Consolidated operating expenses, page 40
  9.   The table you present showing payroll, benefits and newsprint costs as a percentage of operating expenses, appears to be calculated on a non-GAAP basis, using adjusted total operating expenses. If our understanding is correct, please revise your disclosure to clearly label this analysis as non-GAAP and provide a reconciliation to the closest GAAP measure.
Response: The Staff’s understanding is correct, the percentages presented in this table are based on non-GAAP measures of operating expenses, which exclude certain special charges and credits. We will present this table using only GAAP measures and if a supplemental table is desired to present the percentage data based on non-GAAP measures, we will appropriately separate and label the table as non-GAAP based, and provide the required reconciliation between the GAAP and non-GAAP measures. We will make such changes beginning when these tables are next presented in our 2011 Form 10-Qs or Form 10-K.

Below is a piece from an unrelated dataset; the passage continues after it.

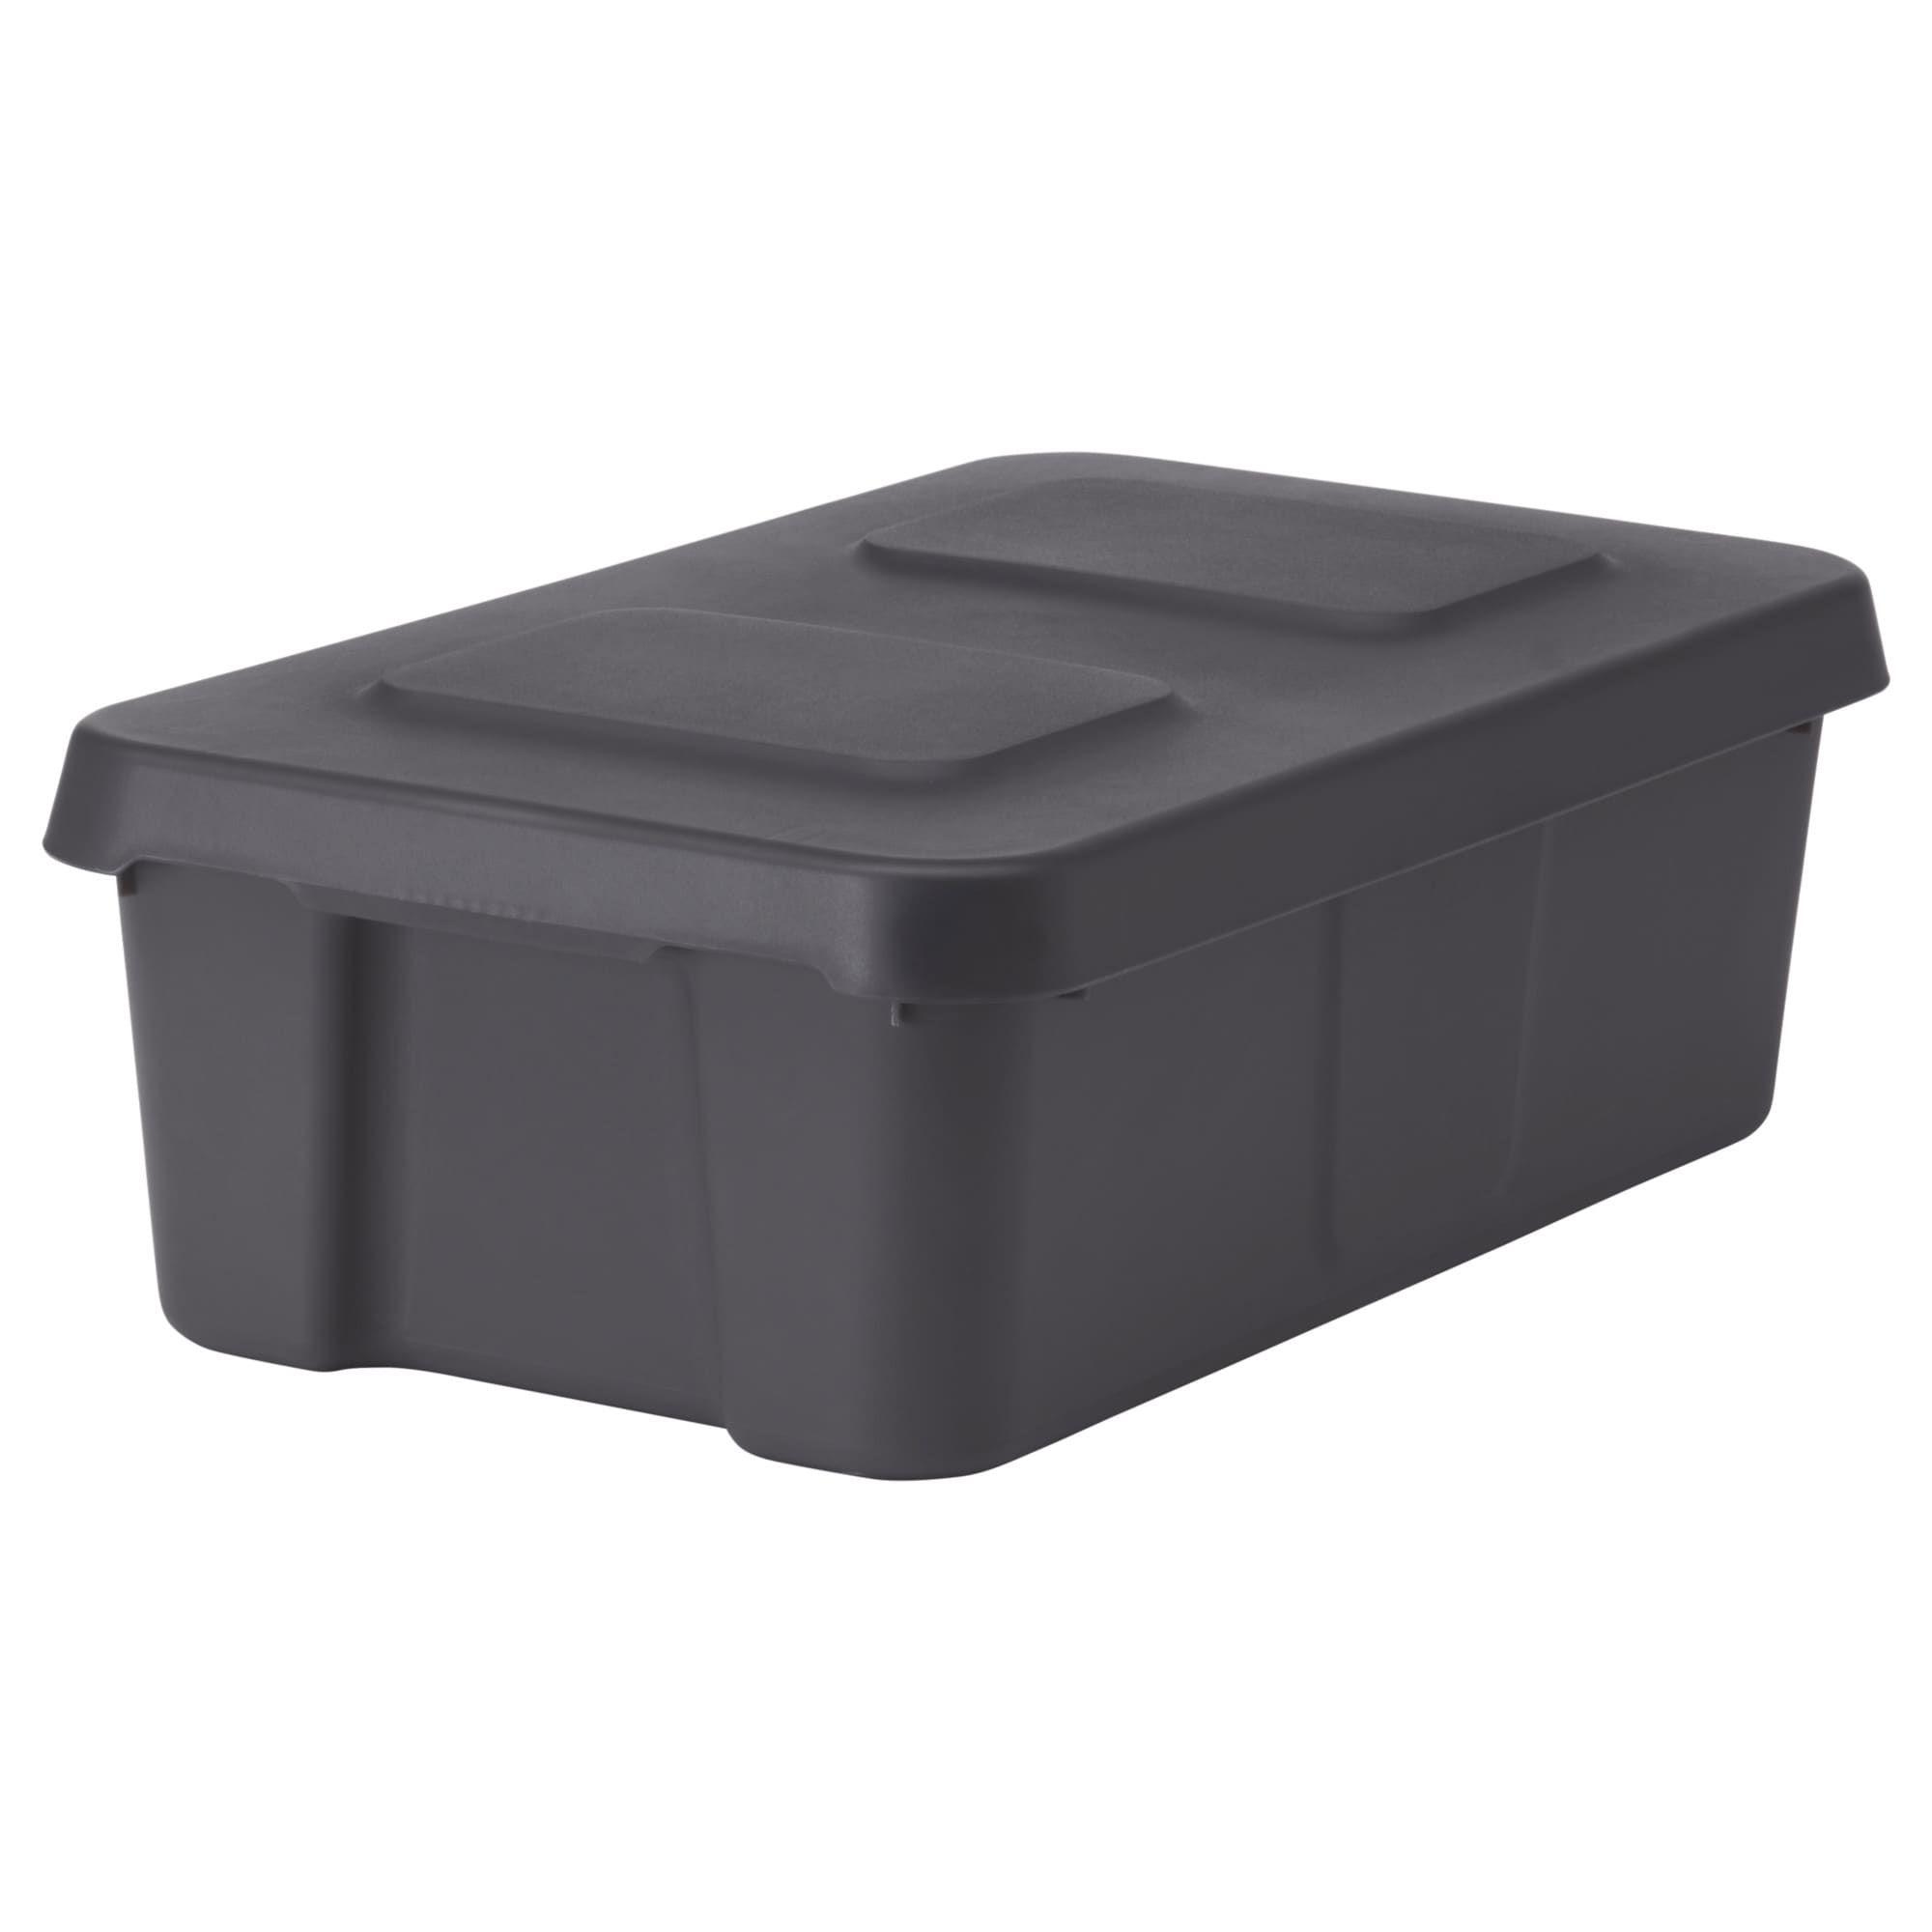 IKEA KLAMTARE Dark Gray Box With Lid, Indoor/outdoor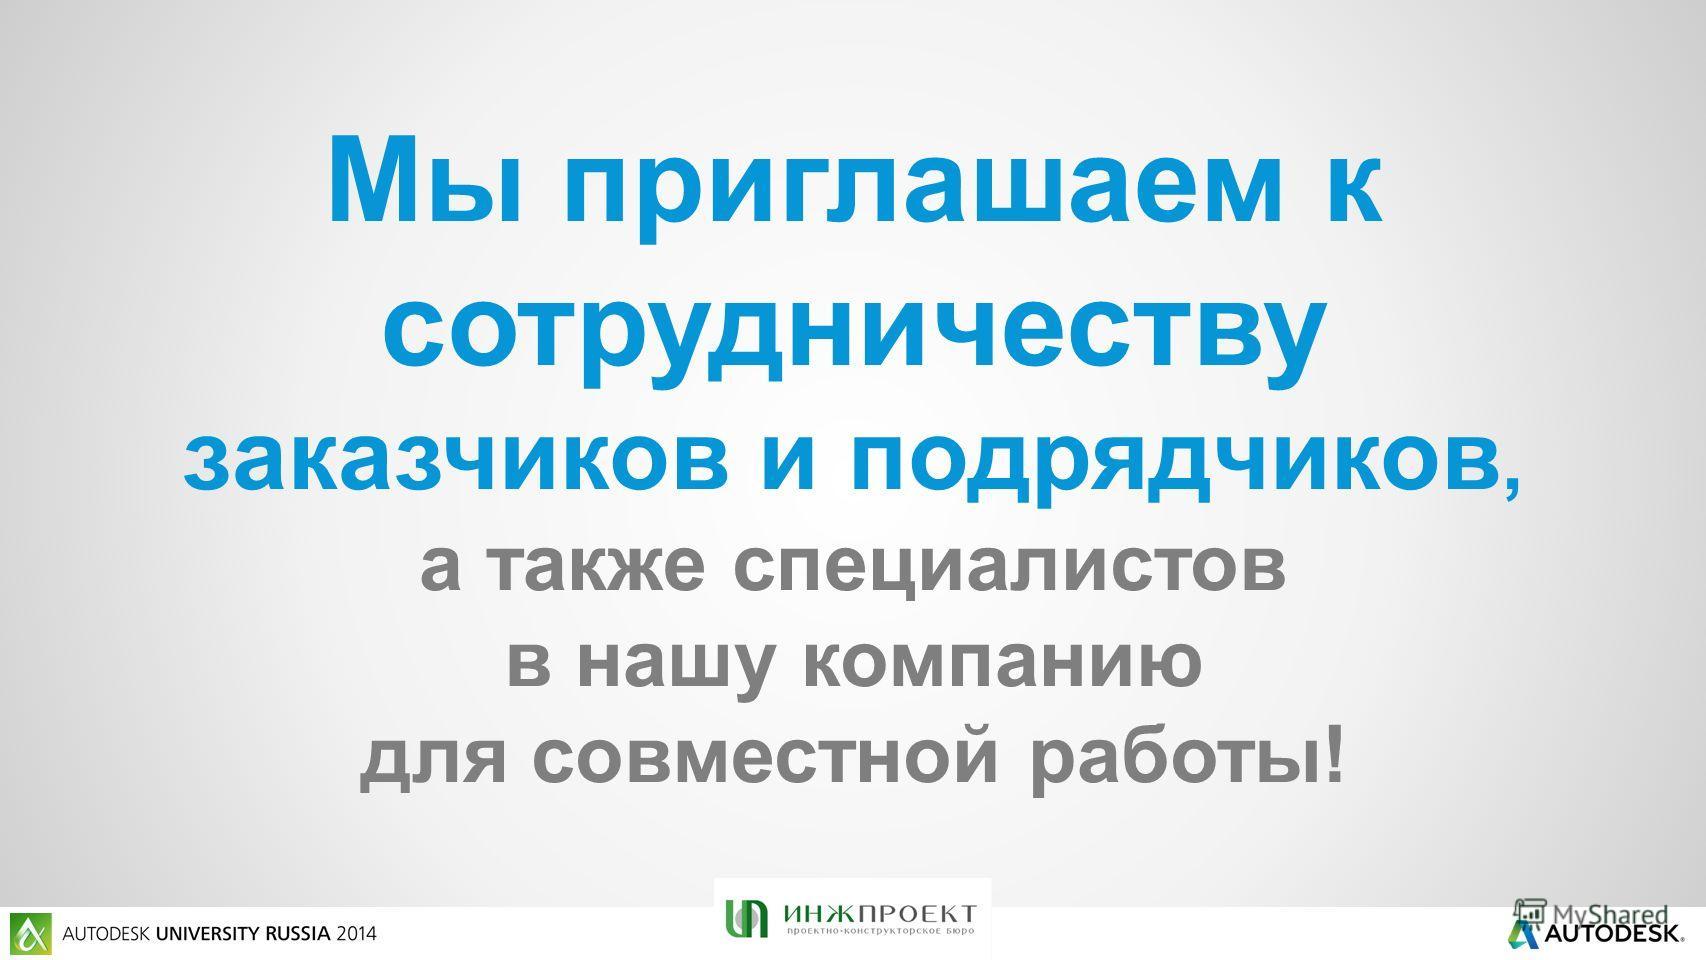 Мы приглашаем к сотрудничеству заказчиков и подрядчиков, а также специалистов в нашу компанию для совместной работы!

Income (loss) from continuing operations attributable to Gannett Co., Inc., page 42
  10.   At the end of this section, you present a table showing income and earnings per share which appears to be presented on a non-GAAP basis. As stated in the comment above, Regulation S-K, Item 10(e) specifically prohibits using titles or descriptions of non-GAAP measures that are the same or confusingly similar to GAAP titles. Please revise to remove this table or change the descriptions of the non-GAAP measures so they are easily distinguishable from the similar GAAP measures.
Response: This table will be revised to change the description of the non-GAAP measures so they are clearly distinguishable from similar GAAP measures.
We will make this change beginning with our first quarter Form 10-Q for 2011.
  11.   In addition, please revise your disclosure to provide a reconciliation of your non-GAAP measure to the most comparable GAAP measure.
Response: A reconciliation will be provided between the GAAP and the associated non-GAAP measures presented in this table, beginning with our first quarter Form 10-Q for 2011.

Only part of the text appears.